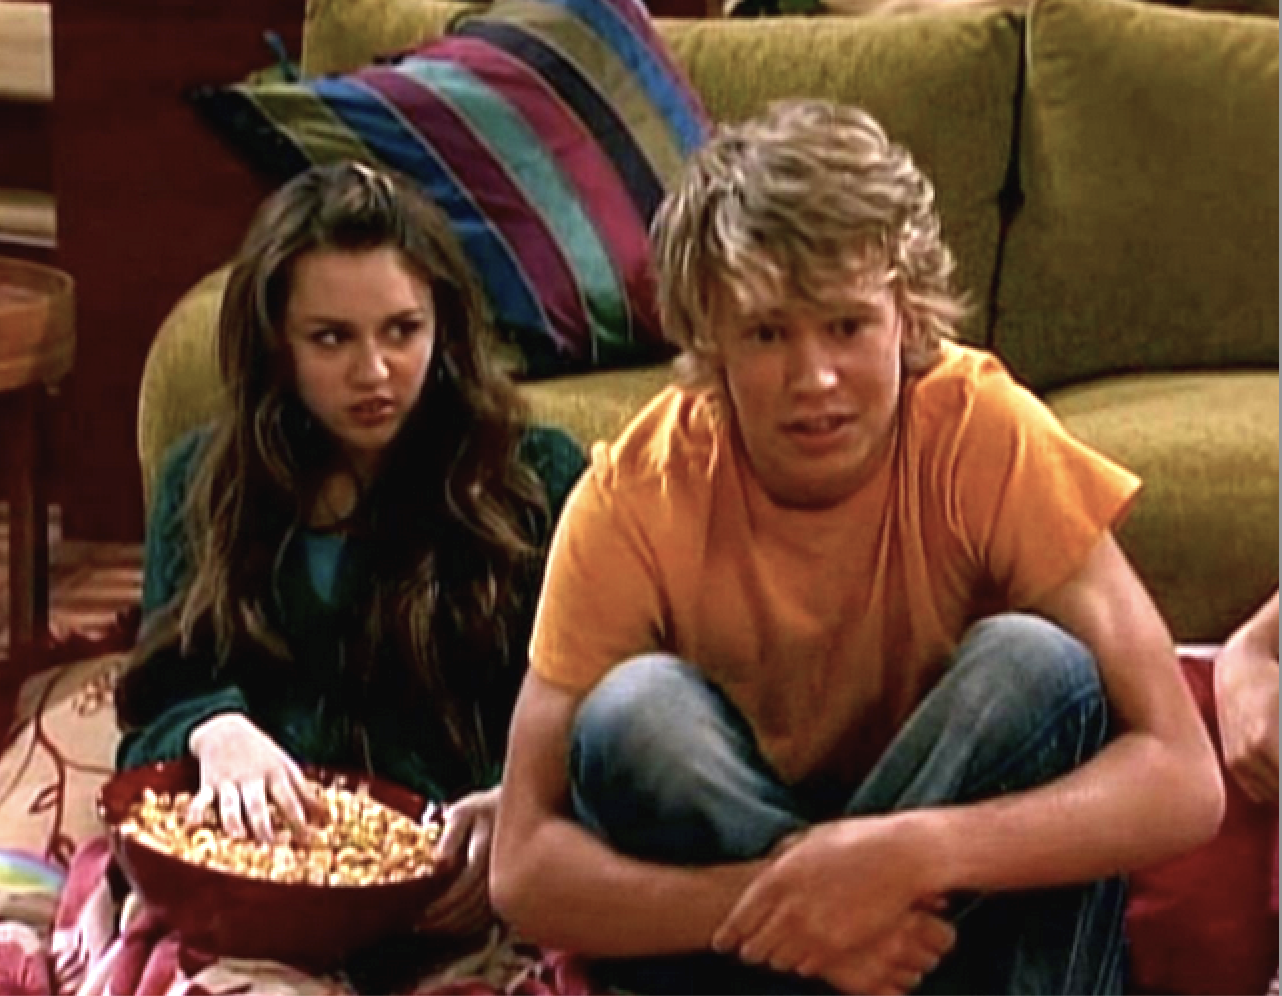 Miley Cyrus and Austin Butler sitting on the ground in front of a couch in a scene from the show. Miley is holding a bowl of popcorn
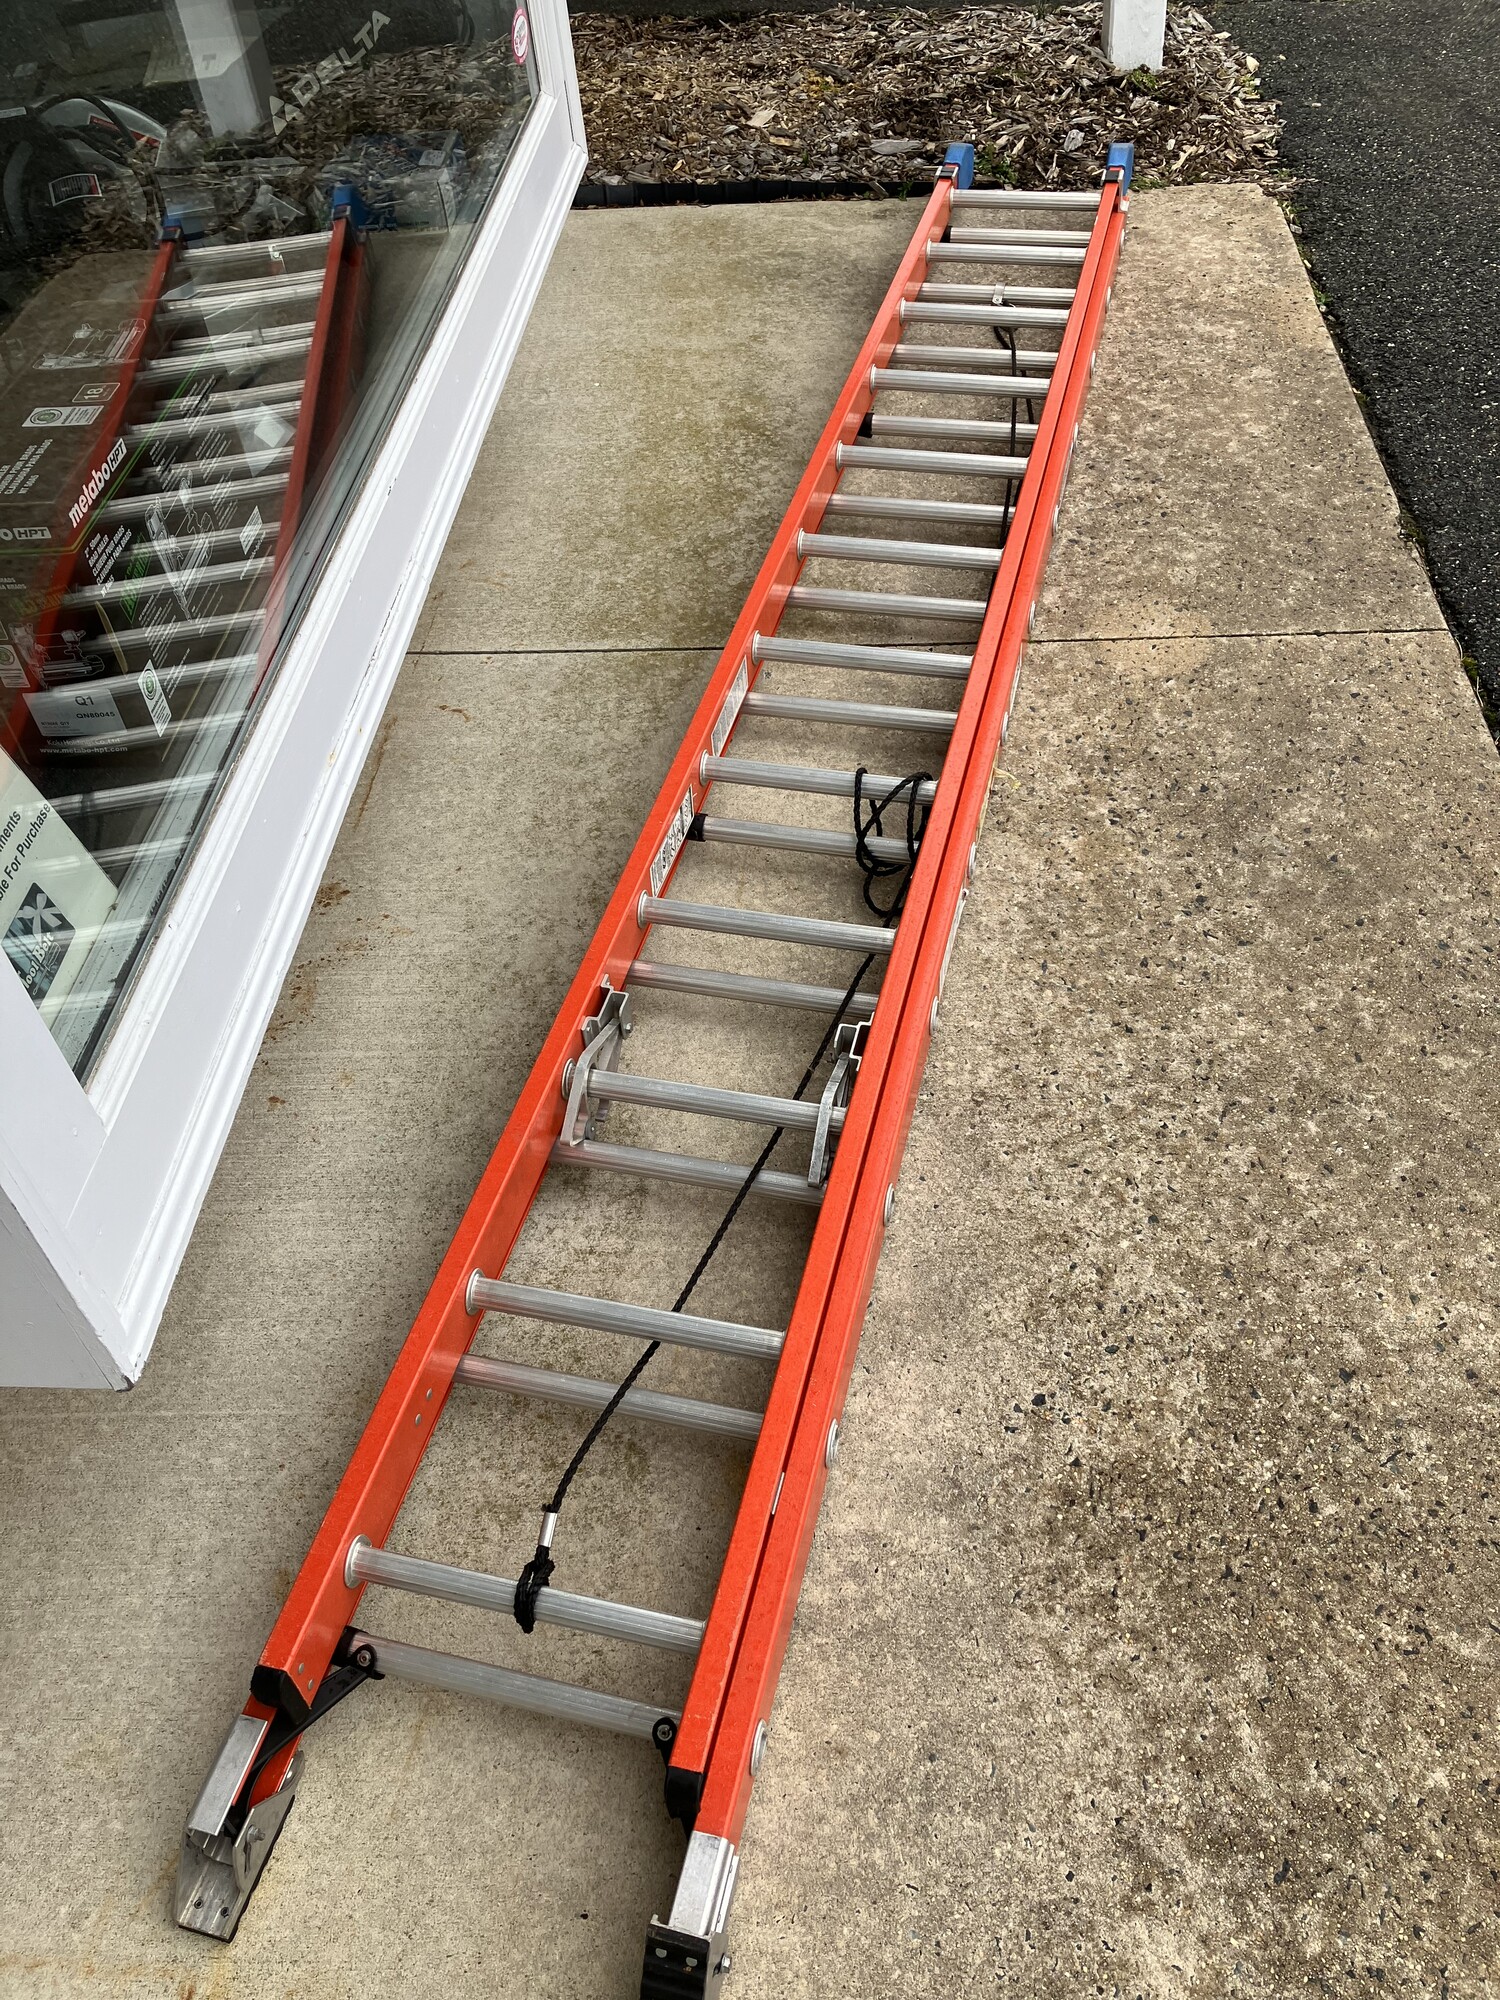 24 ft Extension Ladder, Werner, Fiberglass
Size: 300lb

Like New Condition
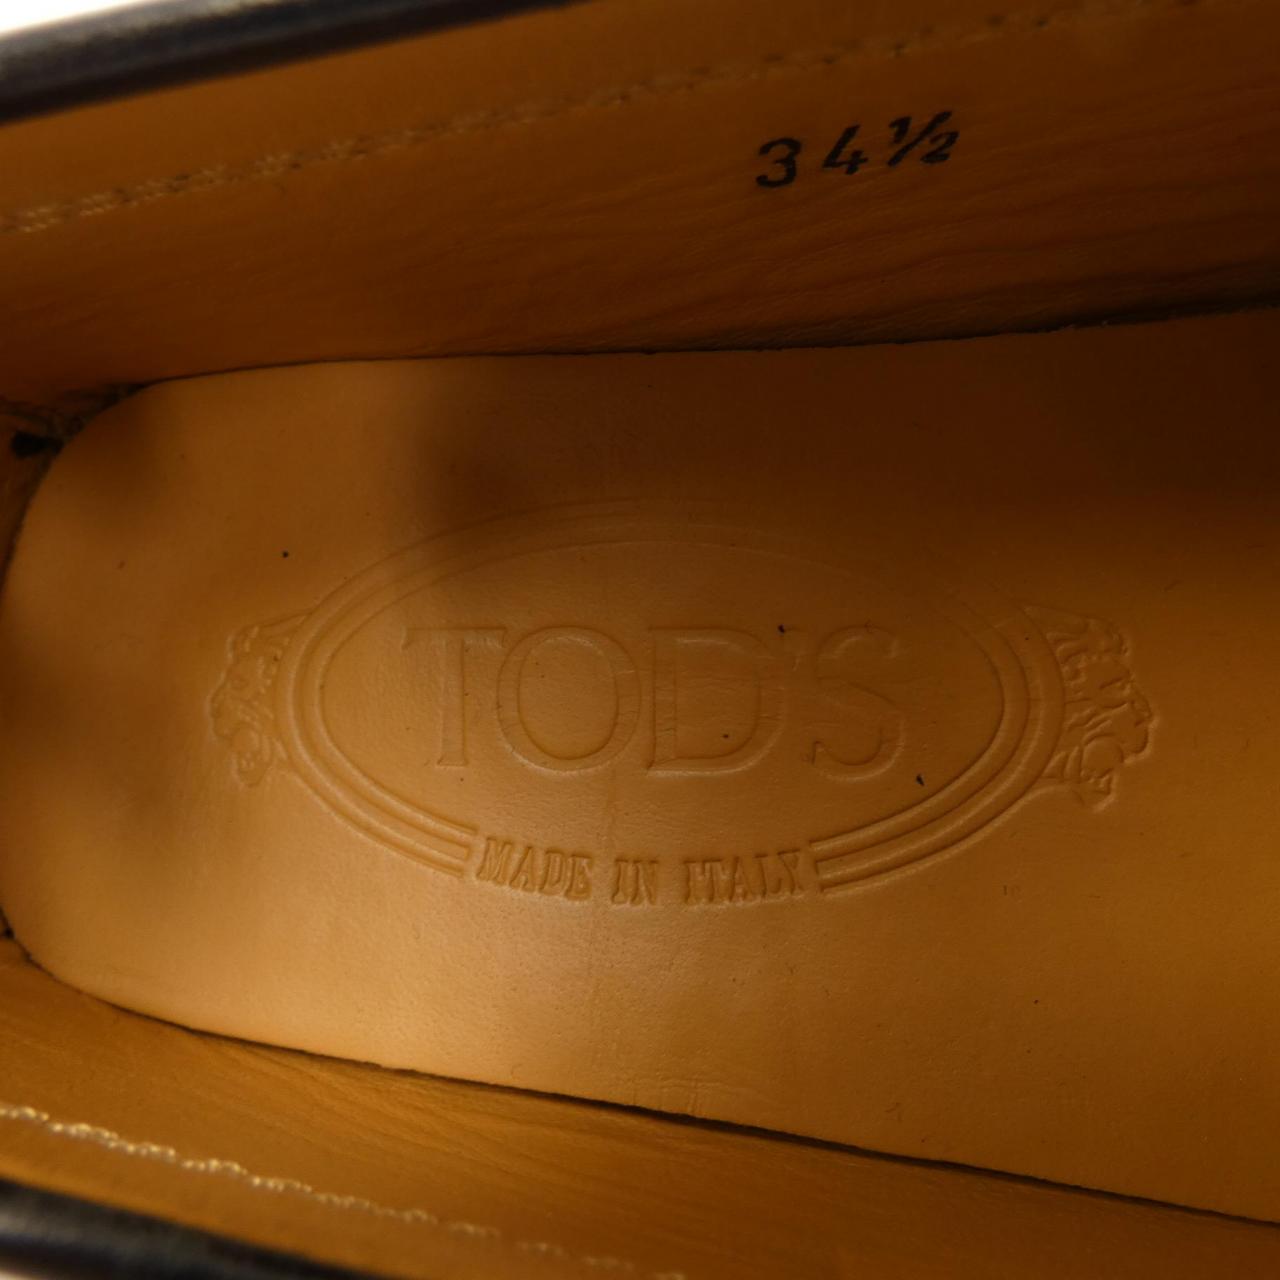 TOD'S shoes
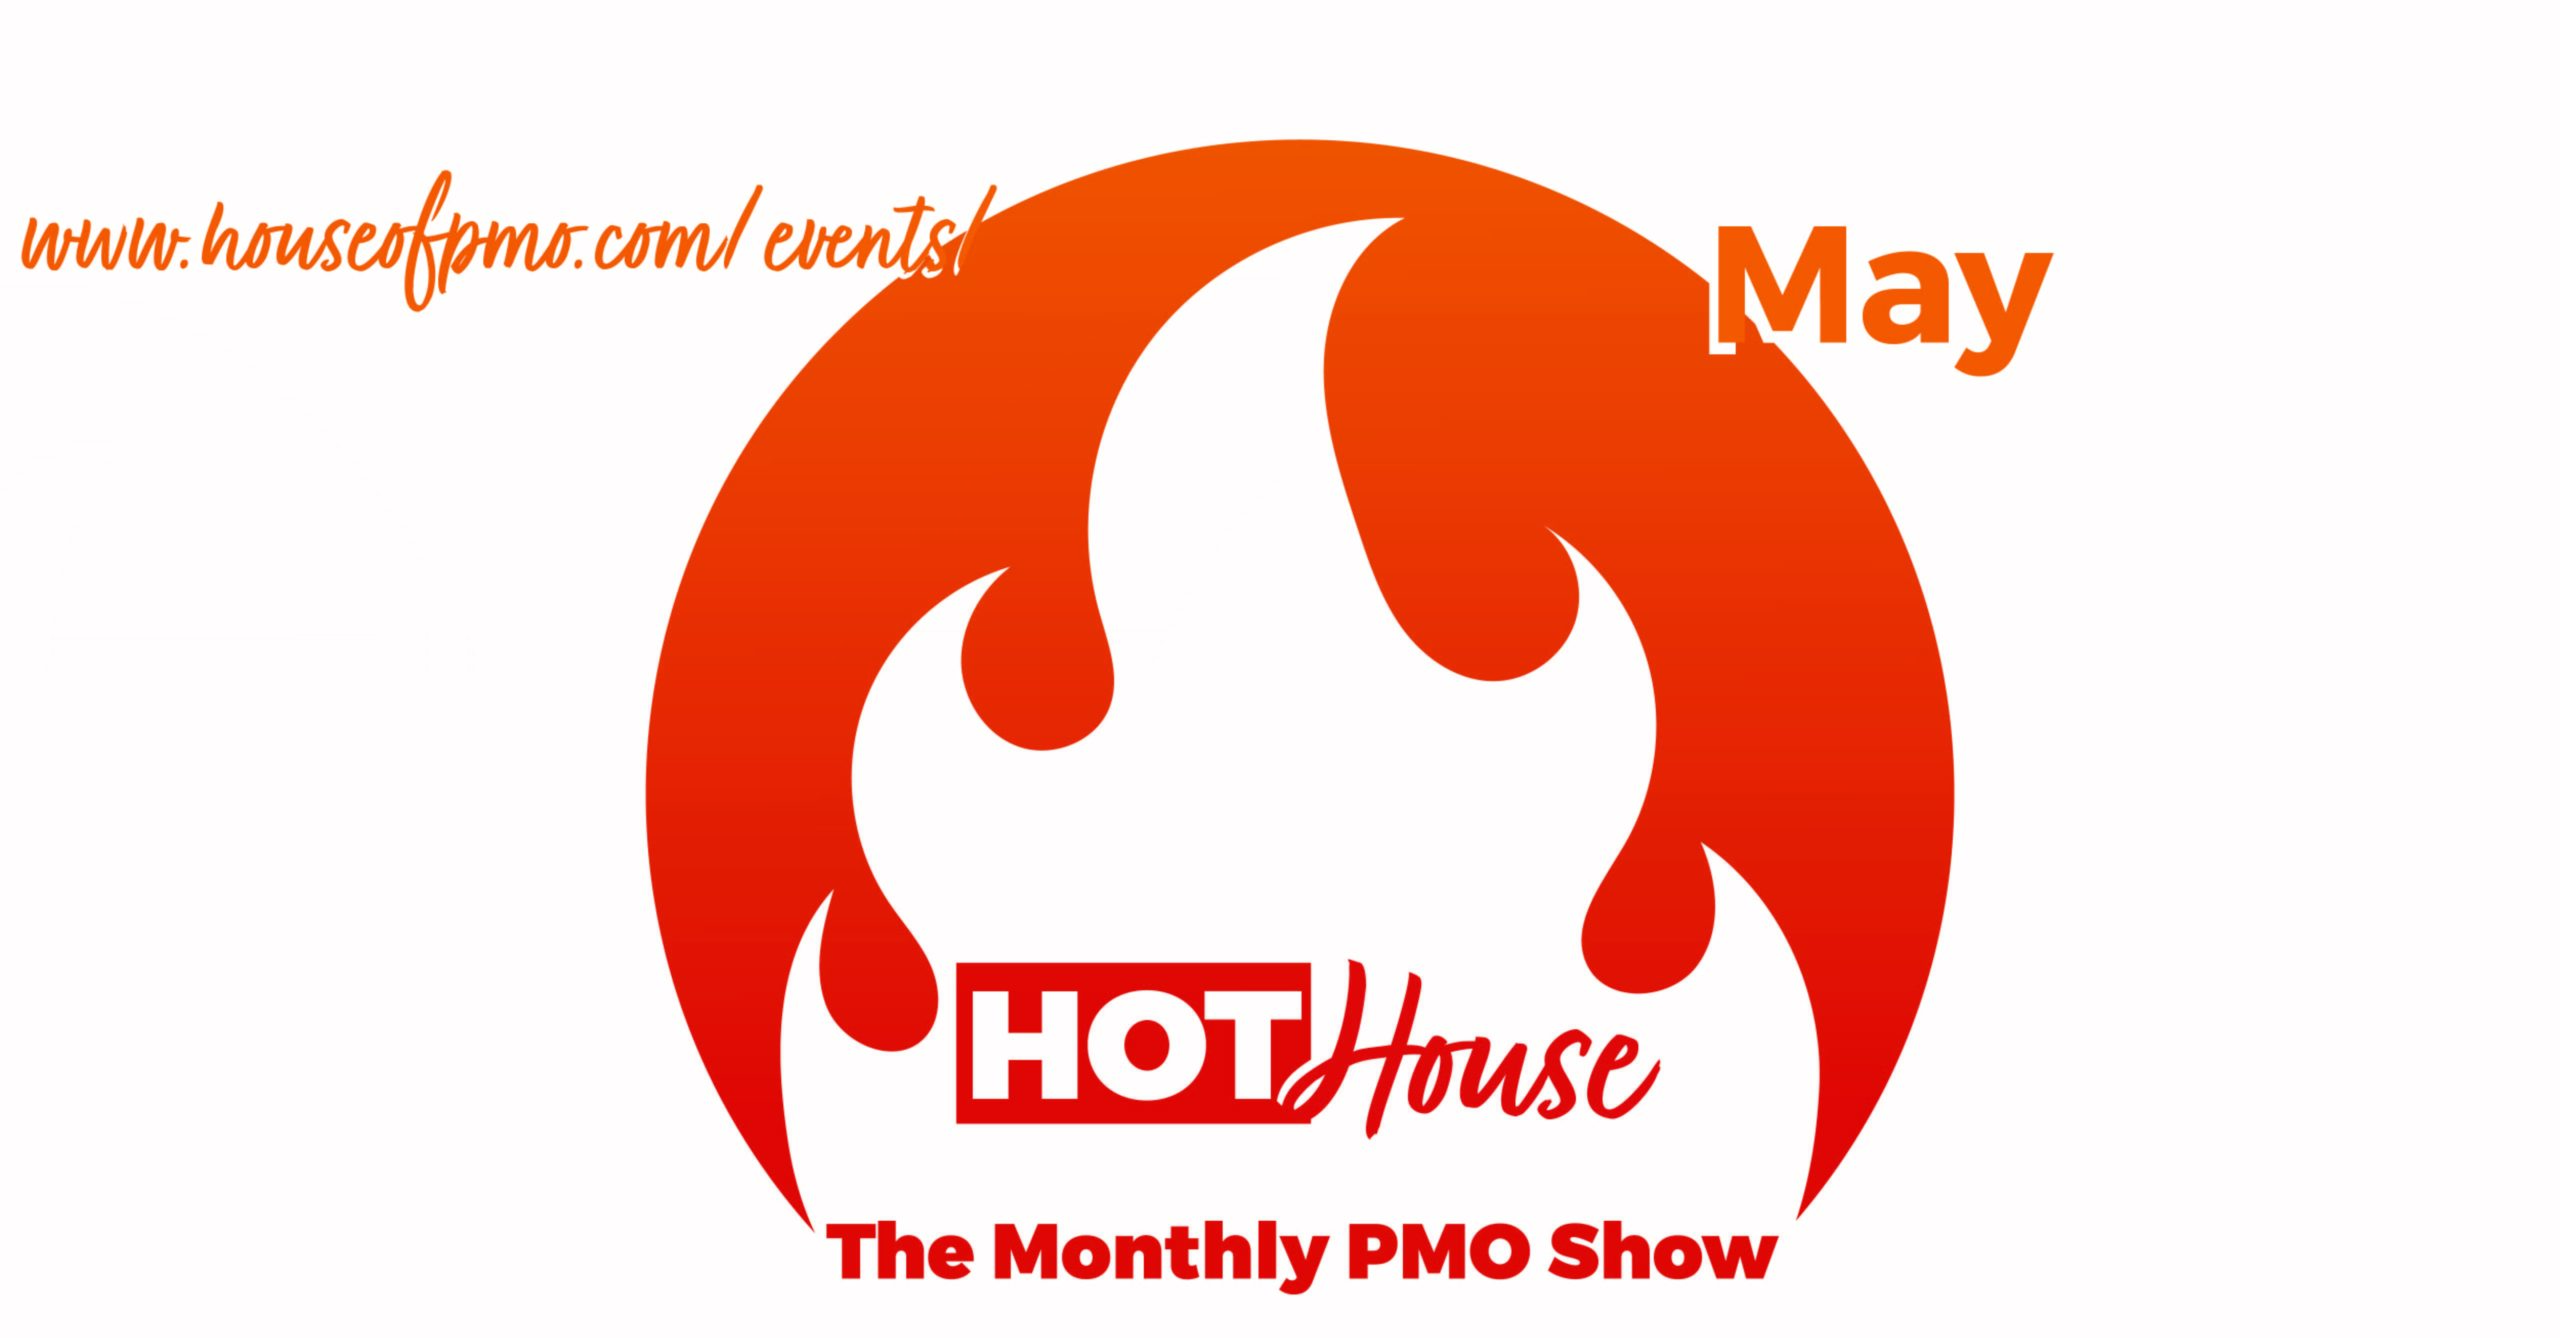 Image for the event pmo hot house in may

•••••

• _Problem details_:
Pictures stay out of this copy. Retype exactly the lines from the one with "TOD'S shoes" through the last line of the data, both ends included, and nothing more.

• _Output below_:
 TOD'S shoes
 Image for the event pmo hot house in may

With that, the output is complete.